Gli autori hanno analizzato 36 mercati di animali negli Stati Uniti, tra cui allevamento di cani, caccia, pesca, aste di bestiame, allevamento di polli da cortile e zoo di animali domestici. Per valutare l’entità del rischio rappresentato da ciascun settore, hanno intervistato esperti e esaminato articoli scientifici, dati disponibili al pubblico, regolamenti governativi e altro ancora. Per ogni settore, hanno preso in considerazione 10 fattori, tra cui il numero di animali coinvolti, i patogeni che sono noti per trasportare e le interazioni che hanno con gli esseri umani, nonché eventuali pratiche e sistemi di biosicurezza.
“Abbiamo appena scoperto molte cose che ci hanno sorpreso”, ha affermato il dottor Jamieson, a cominciare dal numero sbalorditivo di animali utilizzati per scopi commerciali negli Stati Uniti. Il paese produce ogni anno più di 10 miliardi di animali selvatici per il cibo, inclusi più maiali e pollame, che possono ospitare e trasmettere l’influenza, rispetto a quasi tutti gli altri paesi, ha affermato la signora Linder.
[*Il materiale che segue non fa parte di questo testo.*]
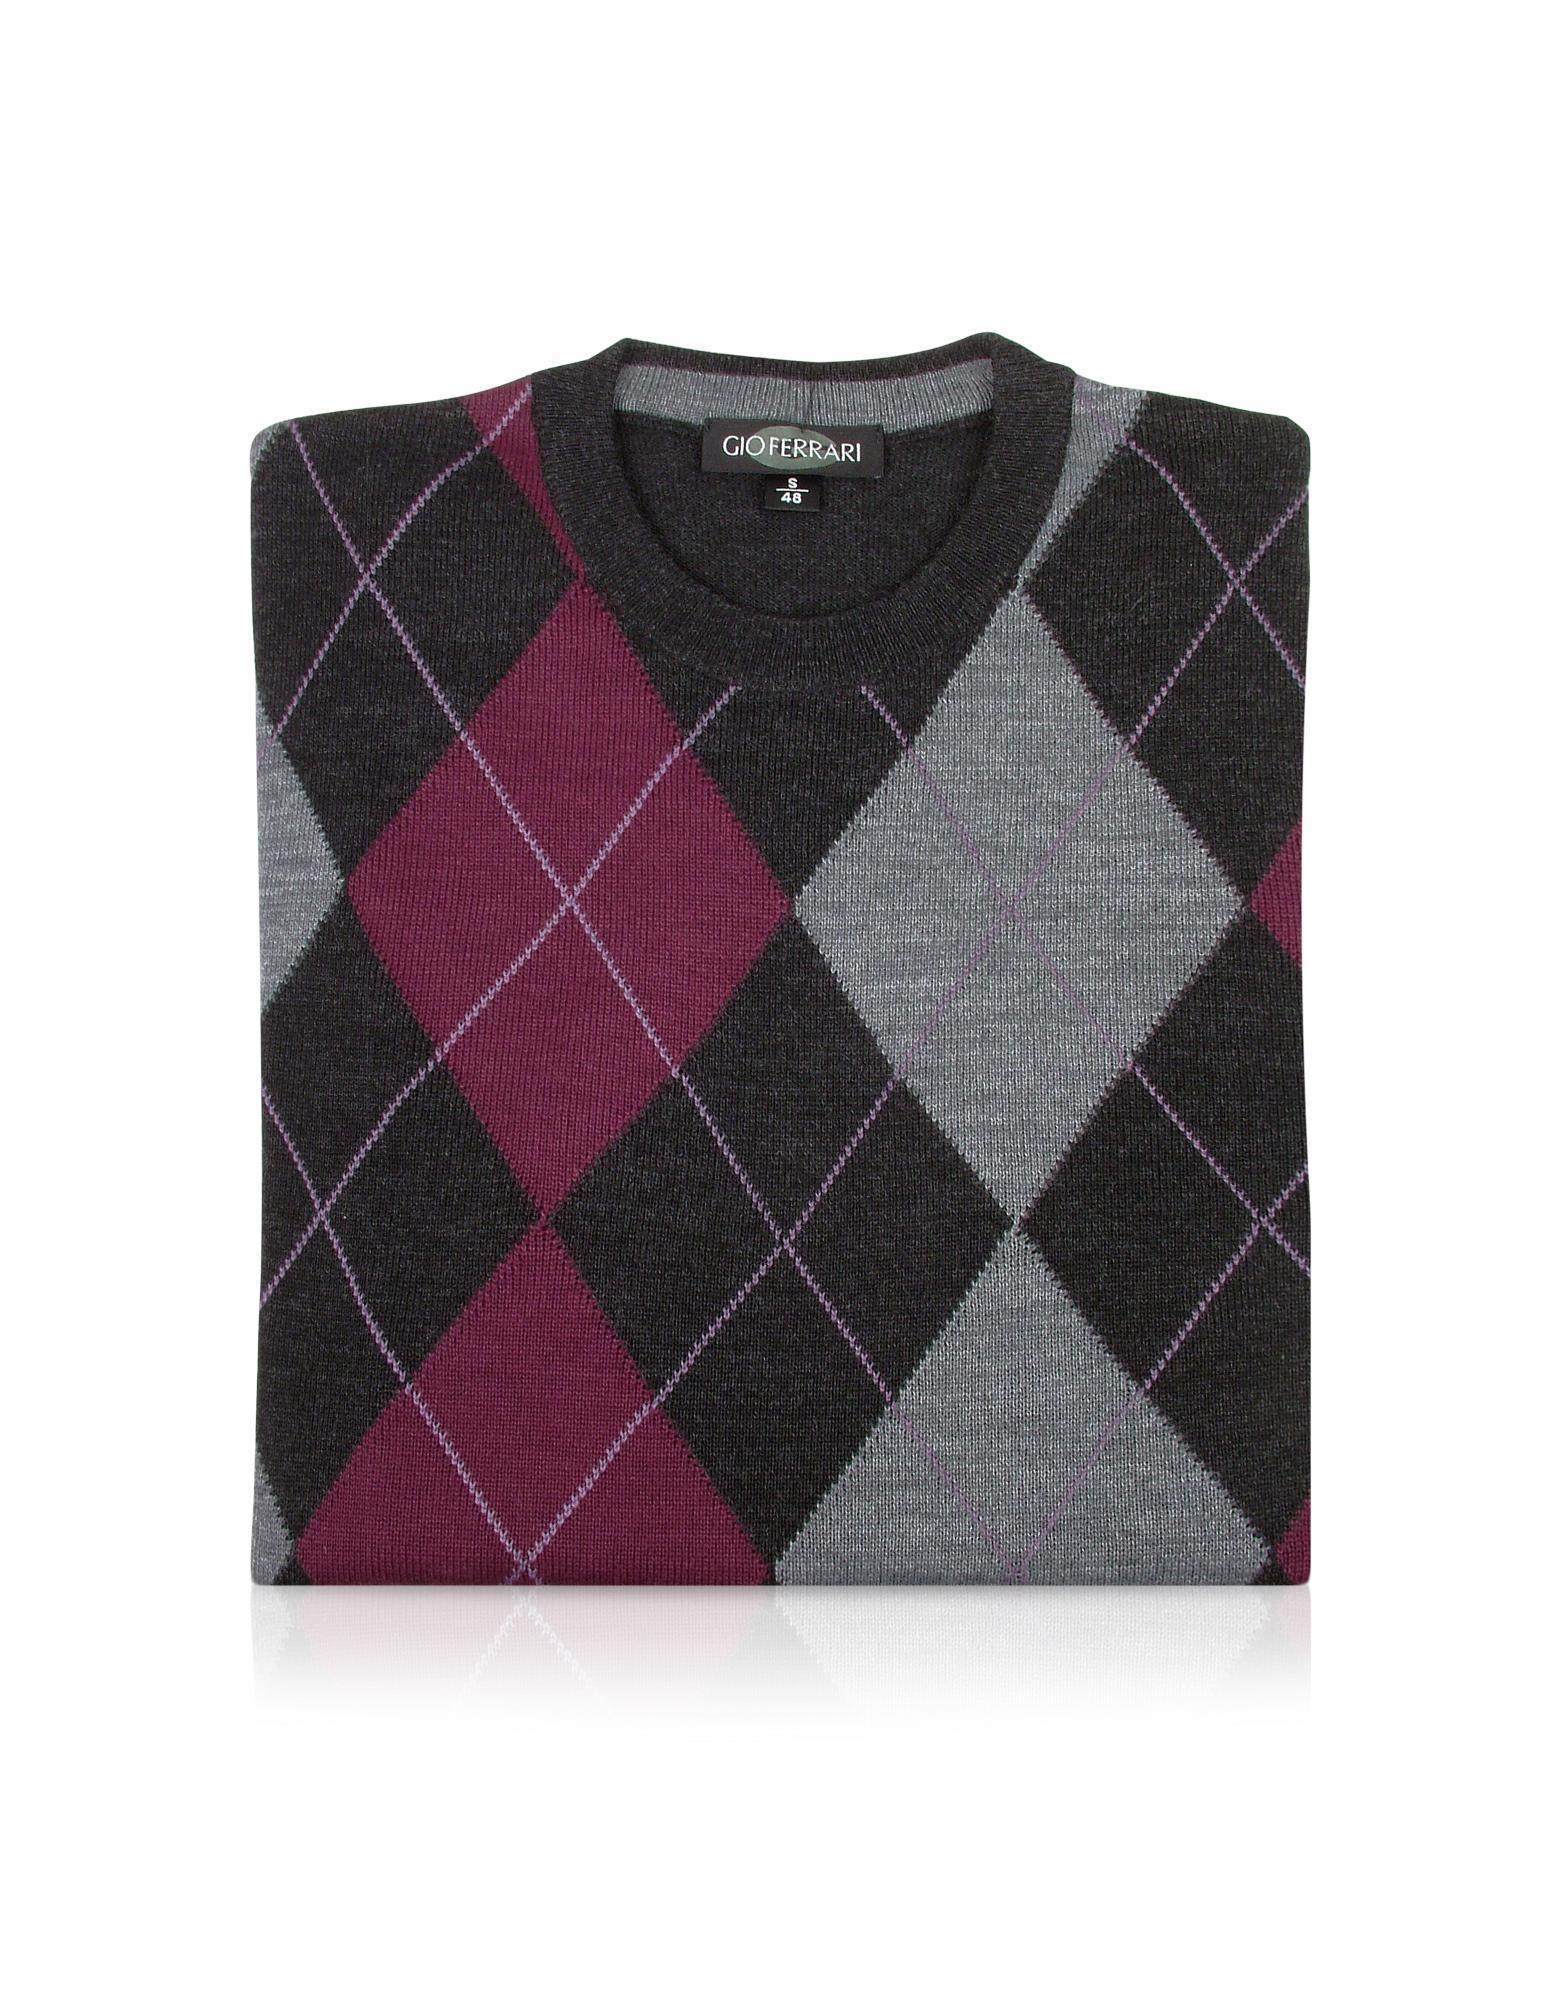 Gio Ferrari Herrensweater aus Wolle mit Rautenmuster

Il rapporto rileva che è il più grande importatore mondiale di bestiame e animali selvatici. (Oltre 220 milioni di animali selvatici vivi vengono importati ogni anno.)
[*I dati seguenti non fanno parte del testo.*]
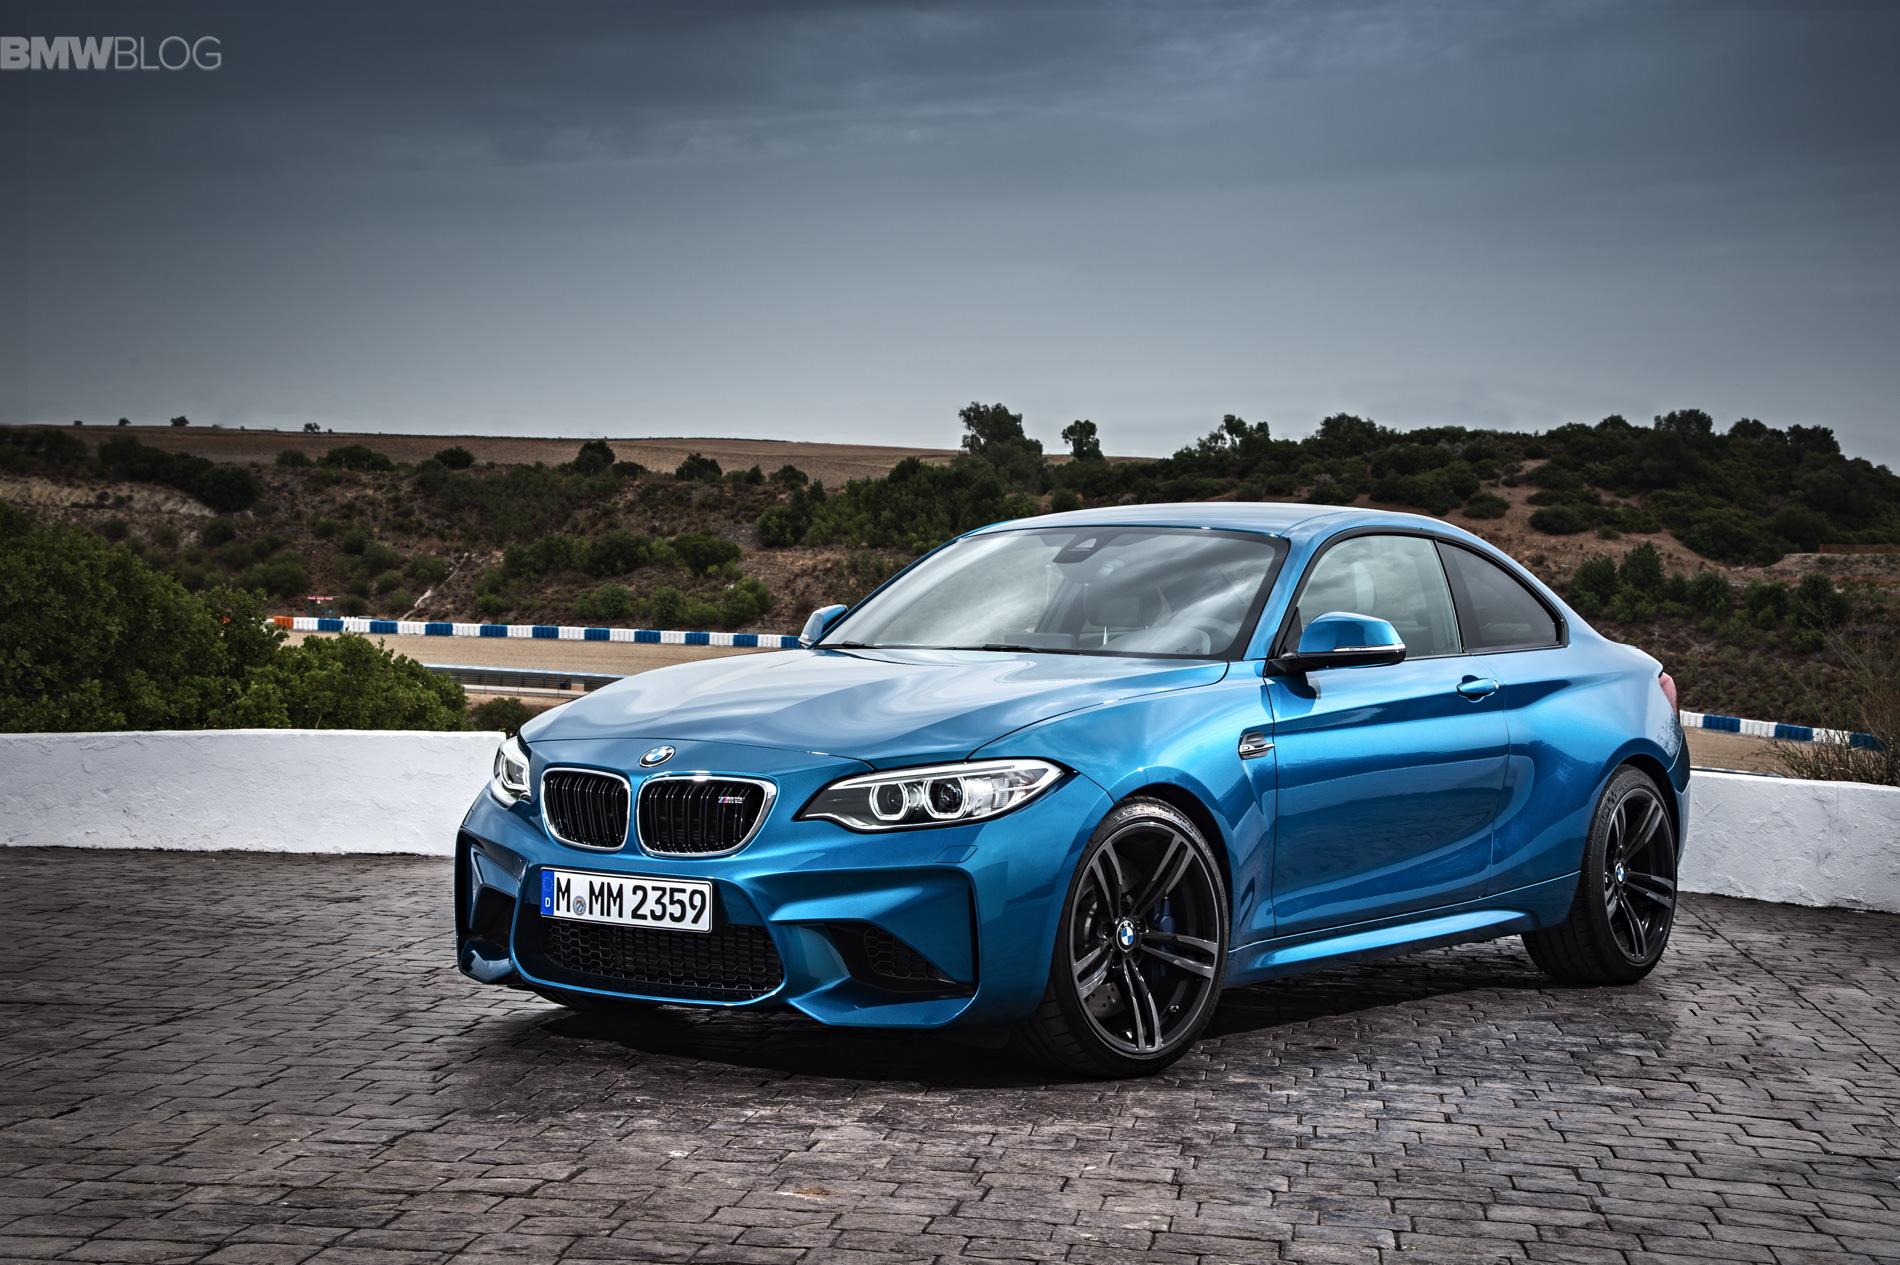 BMW M2 images 34

Il panorama normativo, tuttavia, è “incoerente e pieno di scappatoie”, ha affermato Linder. Ha affermato che le ispezioni delle importazioni di fauna selvatica sono sporadiche e, anche quando si verificano, si concentrano sull’applicazione delle norme di conservazione piuttosto che sulle malattie. Gli autori notano che nessuna agenzia federale rivendica la giurisdizione sugli allevamenti di visoni, che sono diventati punti caldi per il Covid-19, e prima della pandemia alcuni stati non sapevano quanti di questi allevamenti si trovassero all’interno dei loro confini.
Il dott. Kuchipudi ha affermato che i risultati evidenziano la necessità di una maggiore regolamentazione e di una migliore istruzione pubblica. Ha notato che molti americani potrebbero non essere nemmeno consapevoli dell’esistenza di alcune di queste industrie e pratiche, ma che “il pericolo può colpire tutti noi”.
Gli autori hanno affermato che il rapporto è solo un punto di partenza e le informazioni di base, compresi i dati di base sulle dimensioni e l’ubicazione di alcune industrie animali, rimangono sconosciute. (Le persone che lavorano in alcuni di questi settori non hanno risposto alle domande degli autori, ha detto la signora Linder.) Il passo successivo, hanno detto, è colmare alcune delle lacune nei dati e fare valutazioni più dettagliate delle pratiche più rischiose.
“Queste minacce ci sono, sia che accendiamo le luci e le affrontiamo o continuiamo a sentirci a nostro agio nell’oscurità”, ha detto la signora Linder.